Dice que no desea lo que ella pasó ni a su mayor enemigo, a ningún soldado ruso, ni siquiera a Putin. “Mariúpol
era una ciudad rica y preciosa, lo tenía todo, todo lo que yo
necesitaba para ser feliz, y el mar tierno... En mi vida pensé que
pudiera pasar algo así”, lamenta.
EL IMPULSO DE HUIR, MEJOR CUANTO MÁS LEJOS
Tampoco su amiga Marina piensa en regresar. De hecho, ella quiere huir
cuanto antes y más lejos mejor. “Tengo unos amigos en Irlanda y me
gustaría vivir allí pero no me puedo ir sin mi marido”, dice en
referencia a que los hombres entre 18 y 65 años no pueden salir del
país.
En el centro de refugiados le han pedido que se quede
unos días antes de salir hacia el Oeste, que descanse y tenga sus
necesidades básicas cubiertas pero ella dice que en Zaporiyia no tiene
nada que hacer. Ella era contable y le gustaría trabajar, dice a EFE muy
nerviosa mientras sus hijos de 2 y 4 años corretean junto a ella.
La directora del refugio, Kateryna Chernova, explica que el impulso de correr lo tienen buena parte de los refugiados
que llegan a su centro, que de hecho está concebido como un espacio
temporal en el que quedarse entre dos y diez días, aunque hay quien se
queda más como Mijail, de 52 años.
También es de Mariúpol y no sabe adónde ir. De momento
tiene que esperar a que su madre, de 82 años, salga del hospital de
Zaporiyia donde está ingresada. “Mi hija y mi mujer se fueron a Polonia
pero yo no puedo salir del país.

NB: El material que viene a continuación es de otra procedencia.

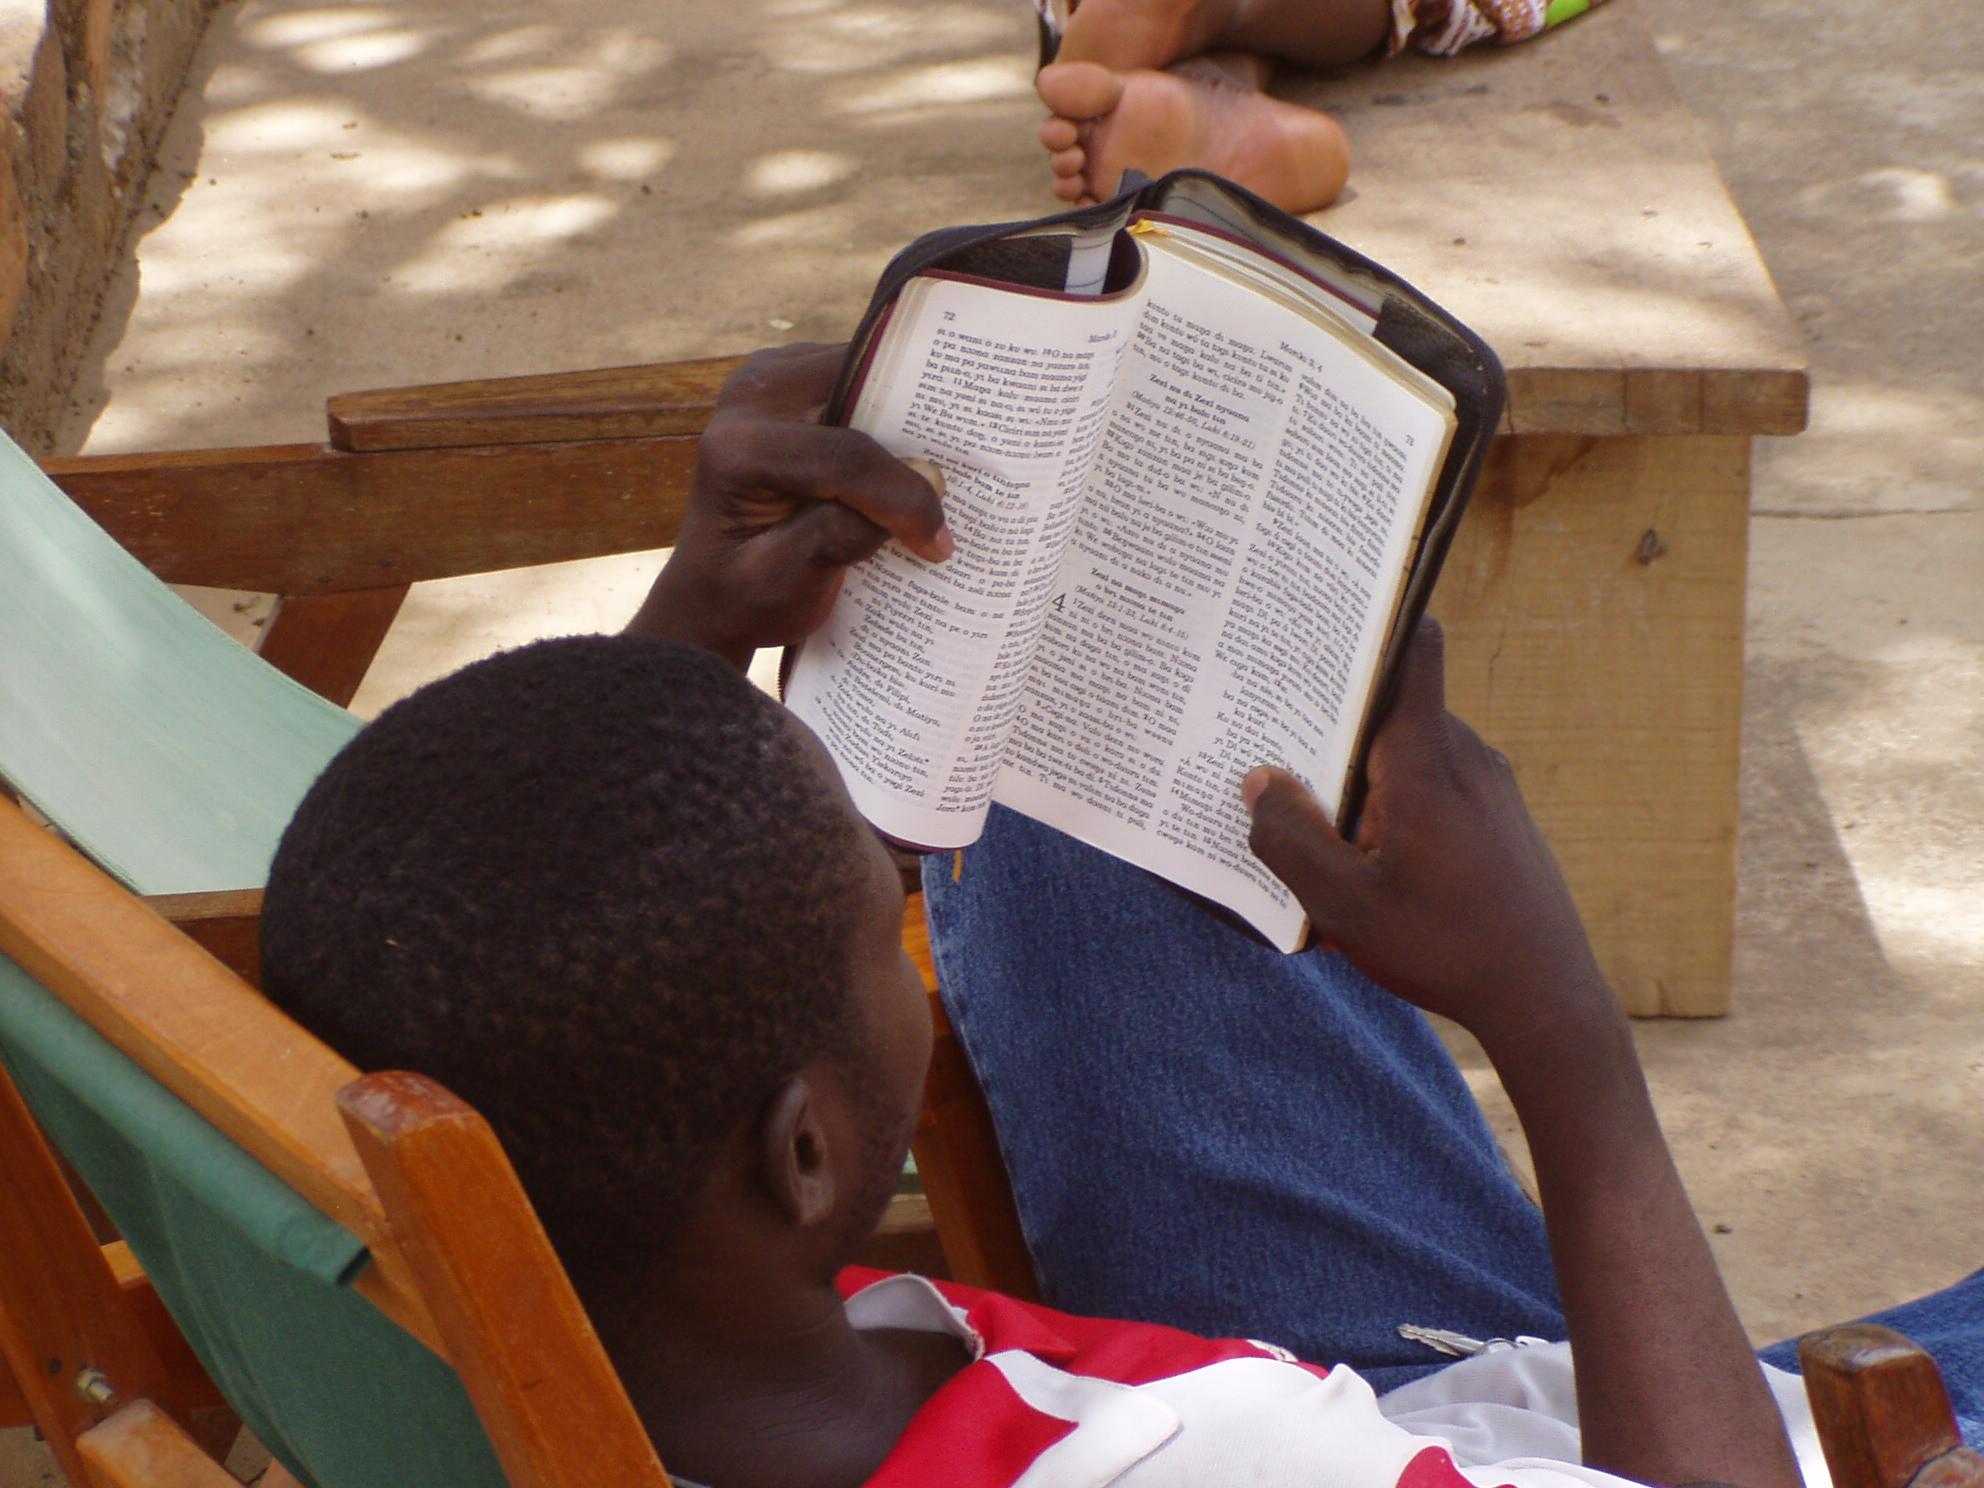 Homme en train de lire un livre. Man reading a book.

No sé lo que haremos, de momento no me
planteo otra cosa que quedarme aquí”, dice a EFE. Él salió de su querida
Mariúpol el 21 de abril.
EL MARIÚPOL DEL FUTURO: ¿RUSIA O UCRANIA?

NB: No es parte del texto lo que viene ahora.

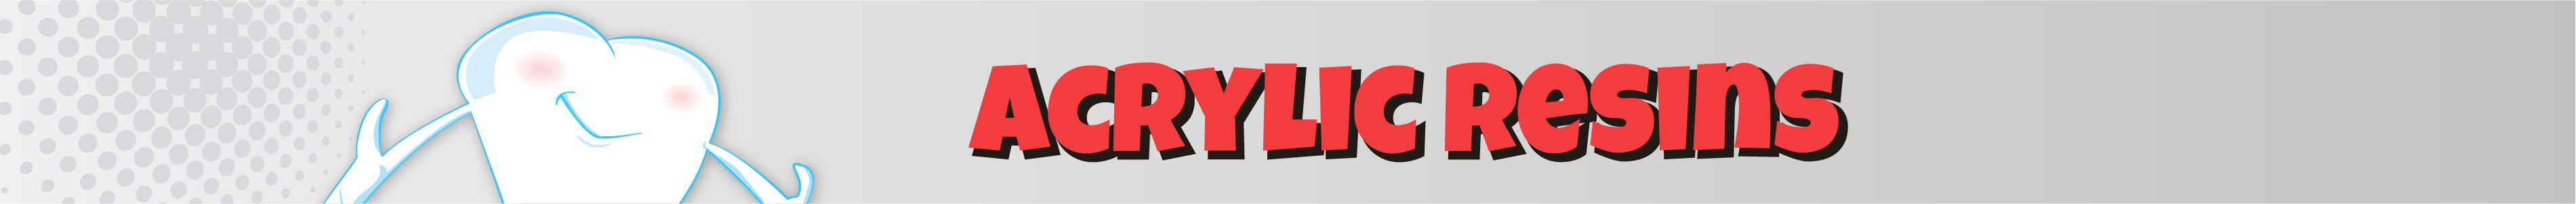 Acrylics-resins image

Ninguno de los tres volverá a la tierra que les vio nacer si Ucrania no
recupera el territorio, pero son conscientes de que muchos en casa no
ven las cosas así. En el centro de refugiados donde
viven hay una señora de unos 60 años que, aseguran, es prorrusa. No
saben por qué acabó aquí, y ella rehúsa contar su historia a
periodistas.
“Están imbuidos por la propaganda. Creen que es Zelenski quien bombardea Mariúpol.
Creen que los rusos vendrán y que serán muy buenos para la gente porque
es lo que leen en los papeles que reciben del Gobierno de Donestk”,
lamenta a EFE Marina.
Tanto ella como Olena han perdido relación con amigos por esa división
de opiniones. “Y mucho peor, es mejor no hablar con mi hermana, que vive
en Rusia, en Smolensk. No se cree que son los rusos quienes han
destruido mi casa”, explica esta mujer con una tristeza en la mirada que
no asomaba ni siquiera mientras describía cómo había vivido bajo
tierra.
No es mucho lo que tienen en el refugio de Zaporiyia pero es mucho más de lo que tenían. Y sobre todo, resume Marina, hay paz.